5. 第五章
作品:《升官发财捞哥哥》 休屠王王帐是十几座连在一起的豪华毡房,内外皆配备有重兵把守,进入前先要搜缴身上携带的利器。
应灵徽神色自若走进去,半个时辰后顶着匈奴人看怪物的眼神出来。
既没缺胳膊也没少腿!
连看管她和楼慈的匈奴女人都忍不住好奇地比划,询问她是怎么做到的。
实在不怪他们惊讶,在得知自己是被休屠王部下掳走后,心智强悍如应灵徽都产生要不自杀吧,至少死得体面这种想法。
只因这位休屠王,是历史上连桀帝都面不改色评价其行为“残暴”的超雄。
得罪他,惹怒他,他看不顺眼,有条件的处以极刑,没条件就统统剁成肉酱。
野史记载他连自己儿子都不放过,甚至仅仅因为不解气就把尸体挂在帐篷上风干。
关键这竟然不是史官抹黑,他还真是这么干的!
一排黑黢黢人肉干作为证据挂在帐篷上随风晃啊晃啊,应灵徽差点儿没当场吐出来。
她一脸麻木的安慰自己,没逝的没逝的应灵徽,你可以,不就是个残暴老头子吗?
努努力,争取趁早毒死他,早点离开这个鬼地方。
带着再也不想看见那排人肉干的想法,应灵徽次日向休屠王提出要外出寻找草药。
没错,休屠王留她一命纯粹是她赶上这糟老头子命不久矣的好时候了。
久病成医,这话没错。
应灵徽打针吃药,手术化疗,中西医结合浸淫了十几年,就算是个傻子也该耳濡目染会一点医学知识。
何况她基本上算是过目不忘,一点就通。
因此她在成为草原奴后先是编造身份老实本分干活,让匈奴人放松警惕,而后趁机将返回都城路上摘的毒草下到饮用水源和肉食里。
因为是精心研究配比过的新型毒药,部落中的巫医也束手无策。
短短几天,不仅牛羊死伤无数,近百匈奴人也含恨而死。
而整整一帐篷草原奴却毫发无伤。
休屠王大怒,要知道在草原上,最珍贵的物资就是牛羊和人口,也只有这种大事才能劳动沉迷享乐的休屠王看上一眼,问上几句。
这一问不要紧,休屠王发现自己属下这次掳掠回来的大虞人中竟然有一名医术比部落巫医更高明的医者!
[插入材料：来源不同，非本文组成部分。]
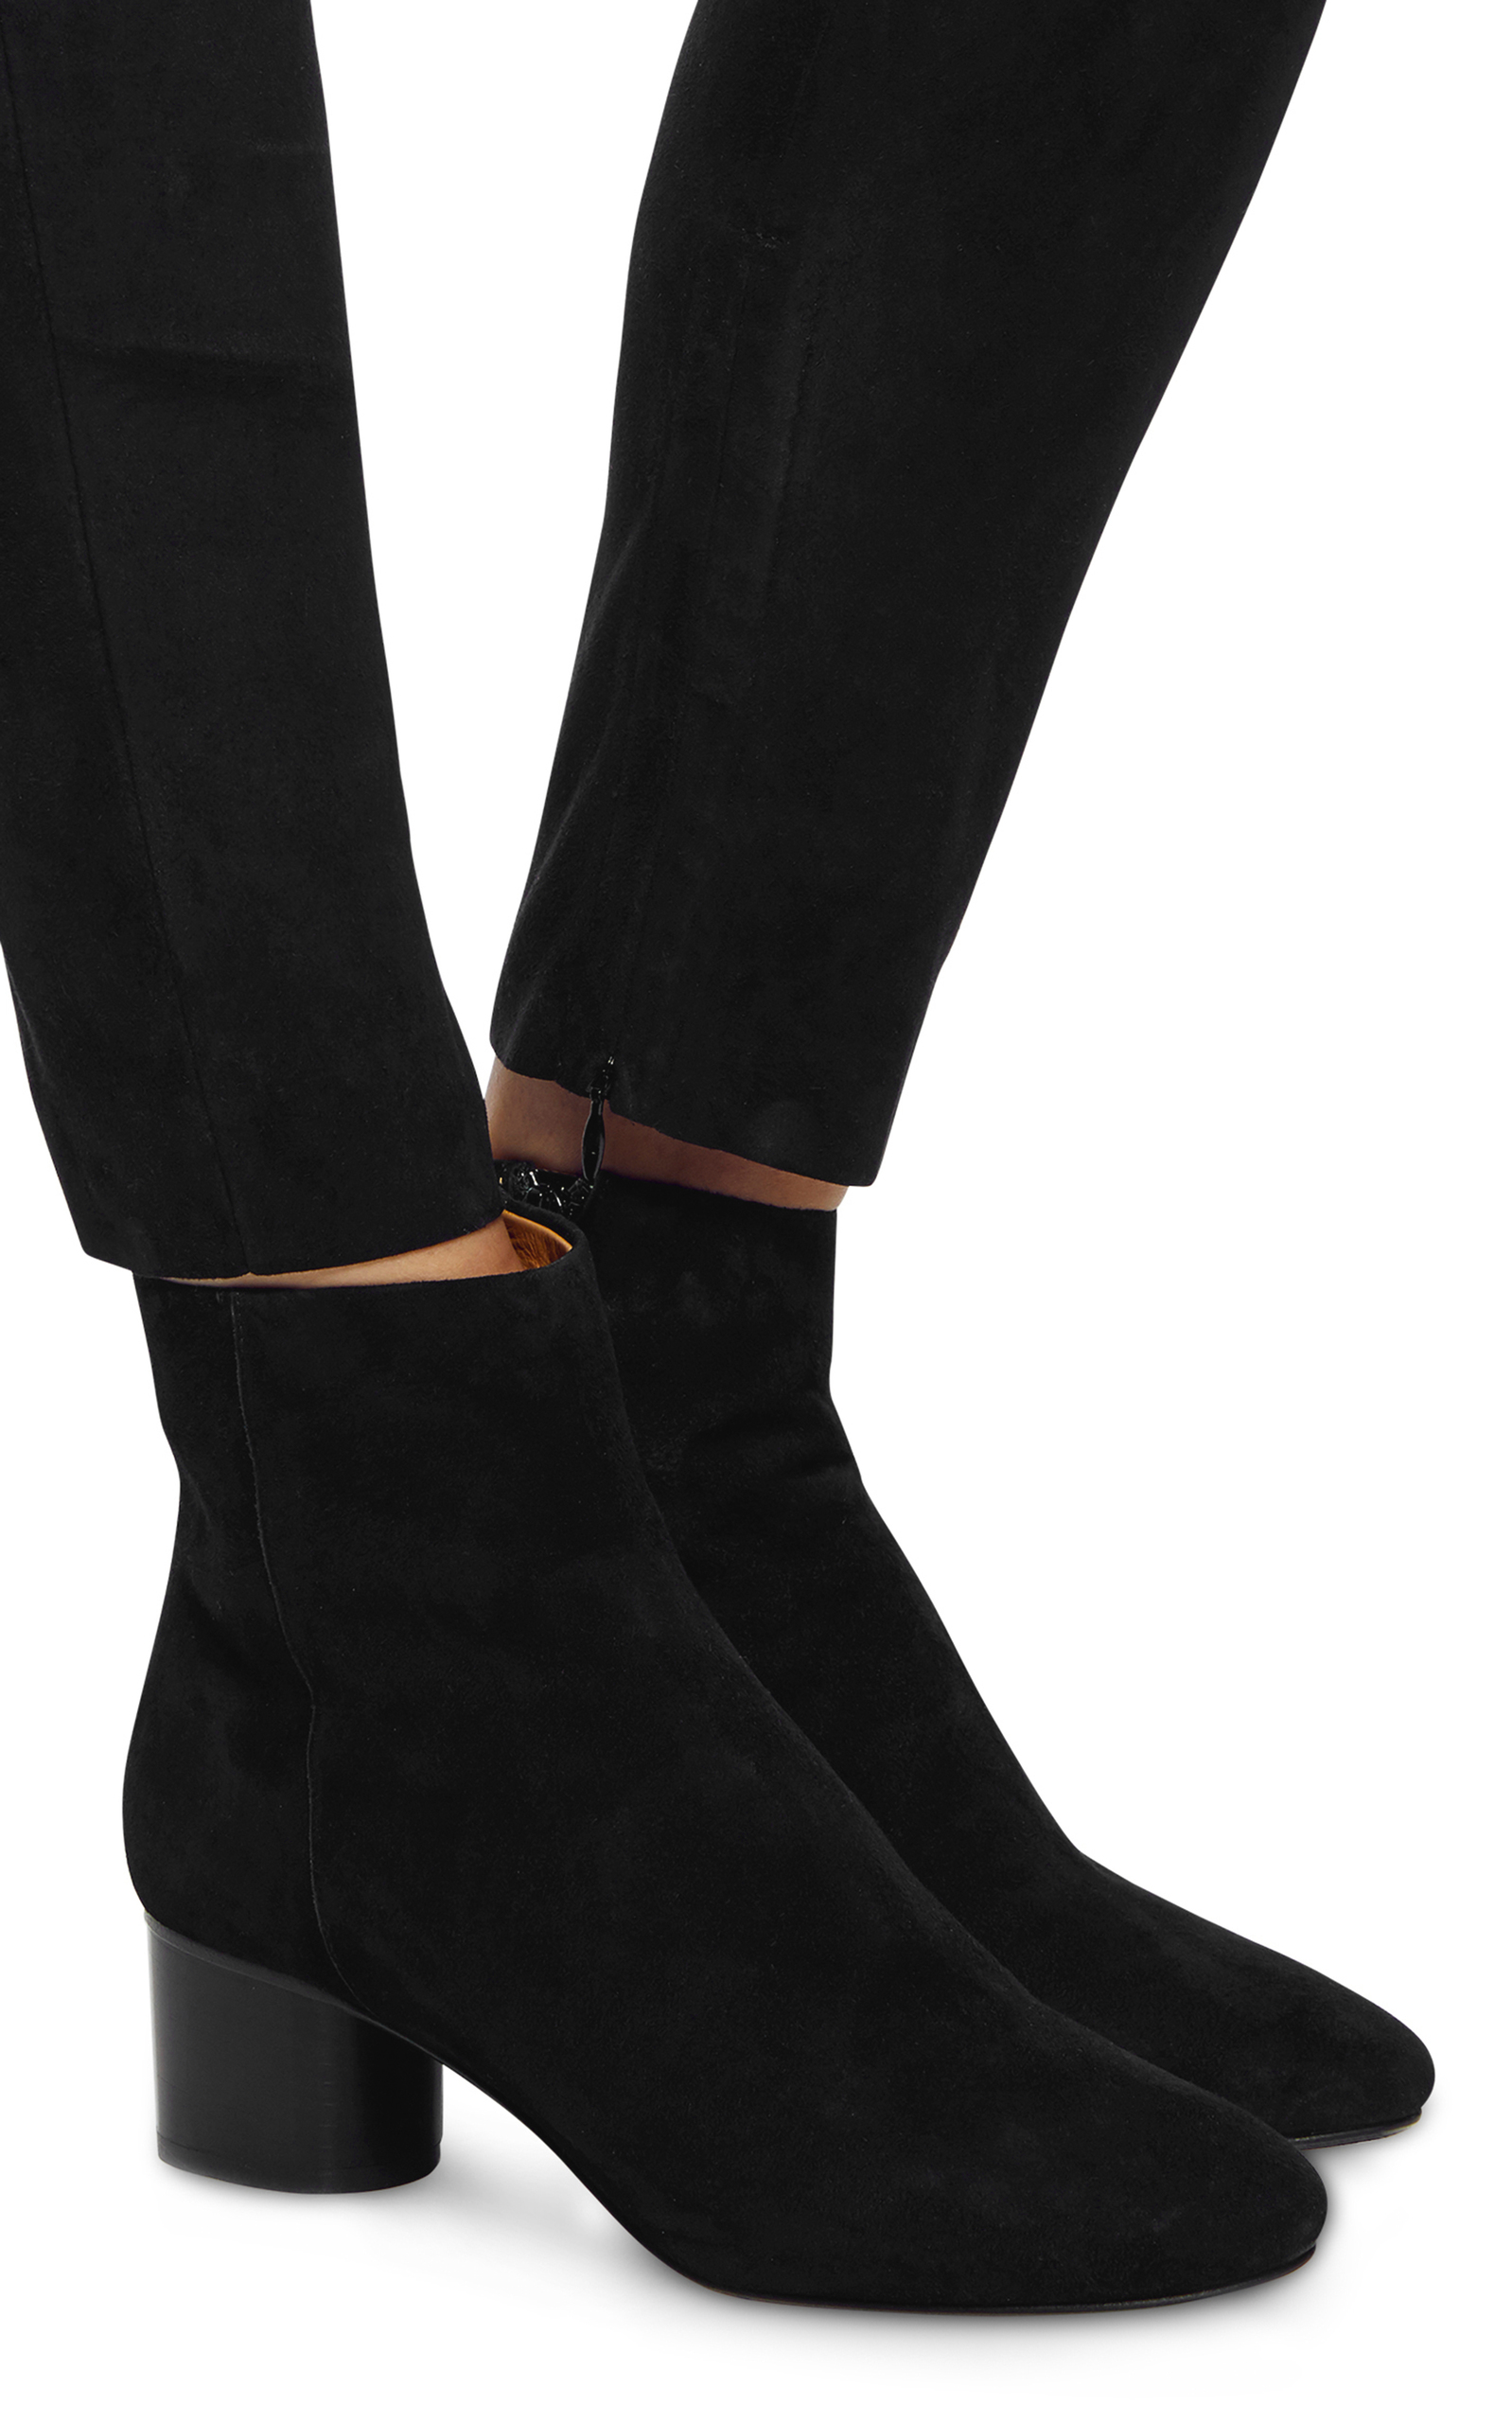 Black Suede Danay Boots Isabel Marant gSJVHFVi8q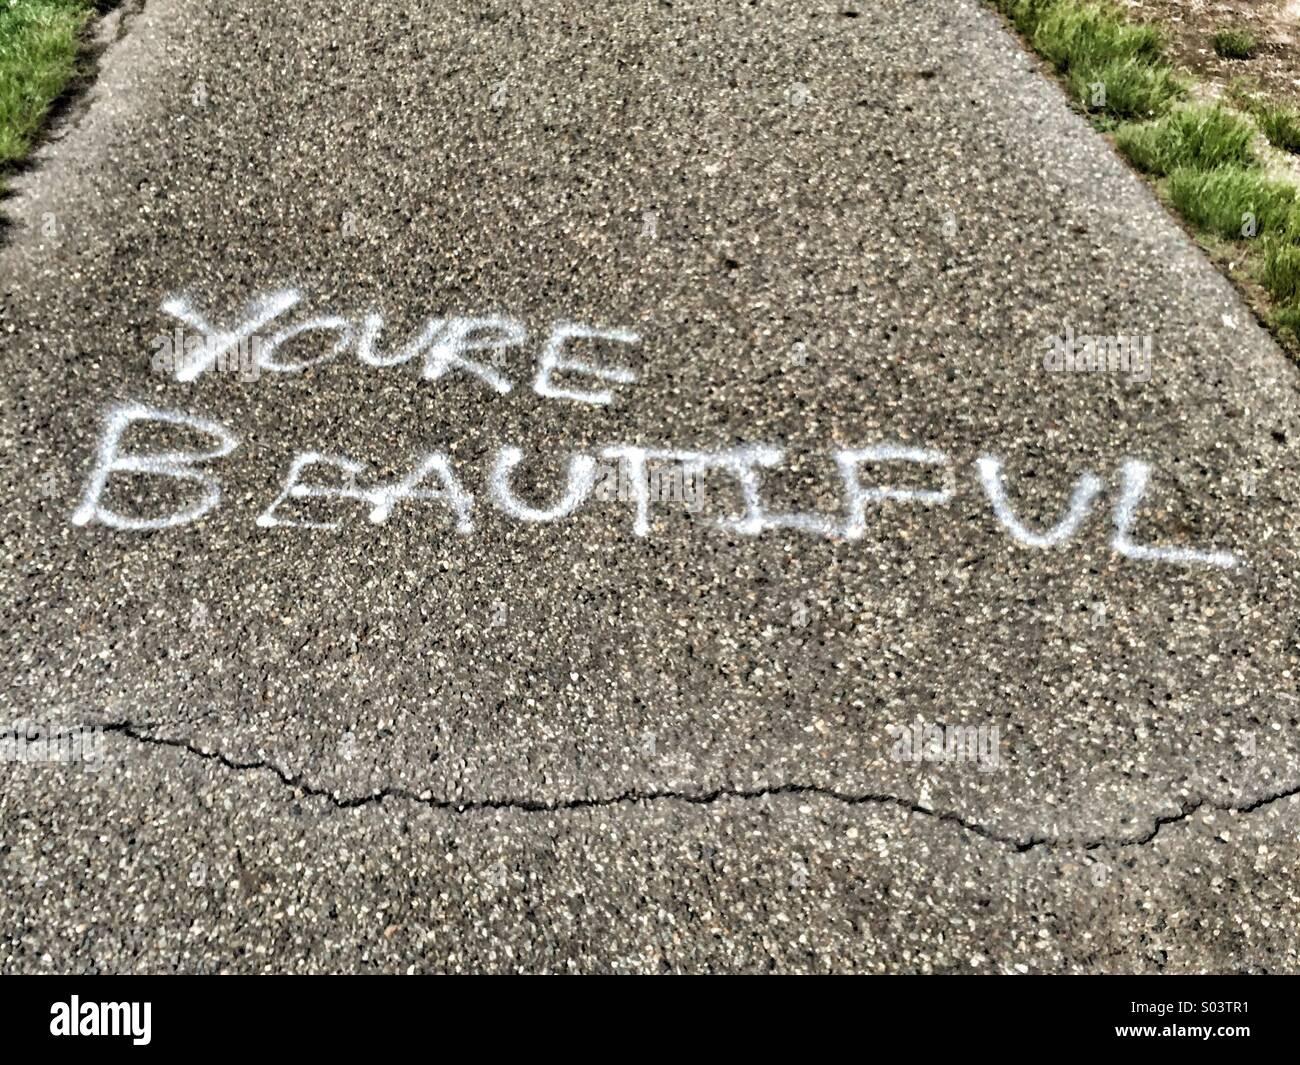 You're Beautiful written on walkway - Stock Image

如同应灵徽预料的那样,他第一时间想到的不是把事情查个水落石出,也不是安慰死去族人的家眷。
而是既然这个人能解巫医解不了的毒,那是不是也代表他能治巫医治不好的病呢?
他当即召见应灵徽,而应灵徽为此早已筹谋多日自然不会让他失望。
这才有了她活着走出休屠王王帐那一幕。
“看来长生天还是眷顾本王的,不远千里专门为本王送来医者治病。”
也就是应灵徽忙着联络周围部落并煽动他们合起伙来造反,没听到休屠王这等自负发言。
不然她保证砍下他的脑袋往里面灌满水银,有毒物就该和有毒的脑子埋在一起,免得后世哪个倒霉蛋挖到还以为是什么雄主墓葬。
又过了两个月,右贤王部。
混得风生水起的应灵徽作为“虞巫”被休屠王进献给右贤王,而她刚下马就被拦住了。
“呼延巴娜?”
“正是,请您做我的老师吧!我想向您学习治好牛羊和人疾病的本领。”
眼前少女一双黑曜石般的眸子虔诚望向她,可惜应灵徽正谋划着如何搅动右贤王各部,最好能趁机杀掉右贤王,她身边多一个人就多一份暴露的可能。
“我不同意!”
应灵徽挑眉,两人一齐回头看去,身量高挑即使在匈奴人中间也不至于逊色的楼慈嘴角噙着嘲讽的笑直视呼延巴娜。
“你这个大虞人,怎么这么没有礼貌!”
“你这个羌人又好到哪里去?”
呼延巴娜被戳到痛处用鼻子出气,吭哧半天竟然憋出个大招。
她蔑视地对楼慈说了句:“你这样的外宠,有什么资格参与主人们对话?”
系统:哇哦。
它恨没有废代码可以当小零食边嚼边看戏。
应灵徽:“……”
应灵徽想要息事宁人的手默默放下。
转而对楼慈做了个“您请便”的手势,尴尬而不失礼貌地对呼延巴娜笑笑,而后脚步飞快一头撞进最近帐篷里。
扈从看着她死里逃生的表情叹息摇摇头。
一副过来人神情劝她:“大巫,您不应该如此宠爱他,为了他哪里能拒绝浑邪王养女这样好的婚事呢?”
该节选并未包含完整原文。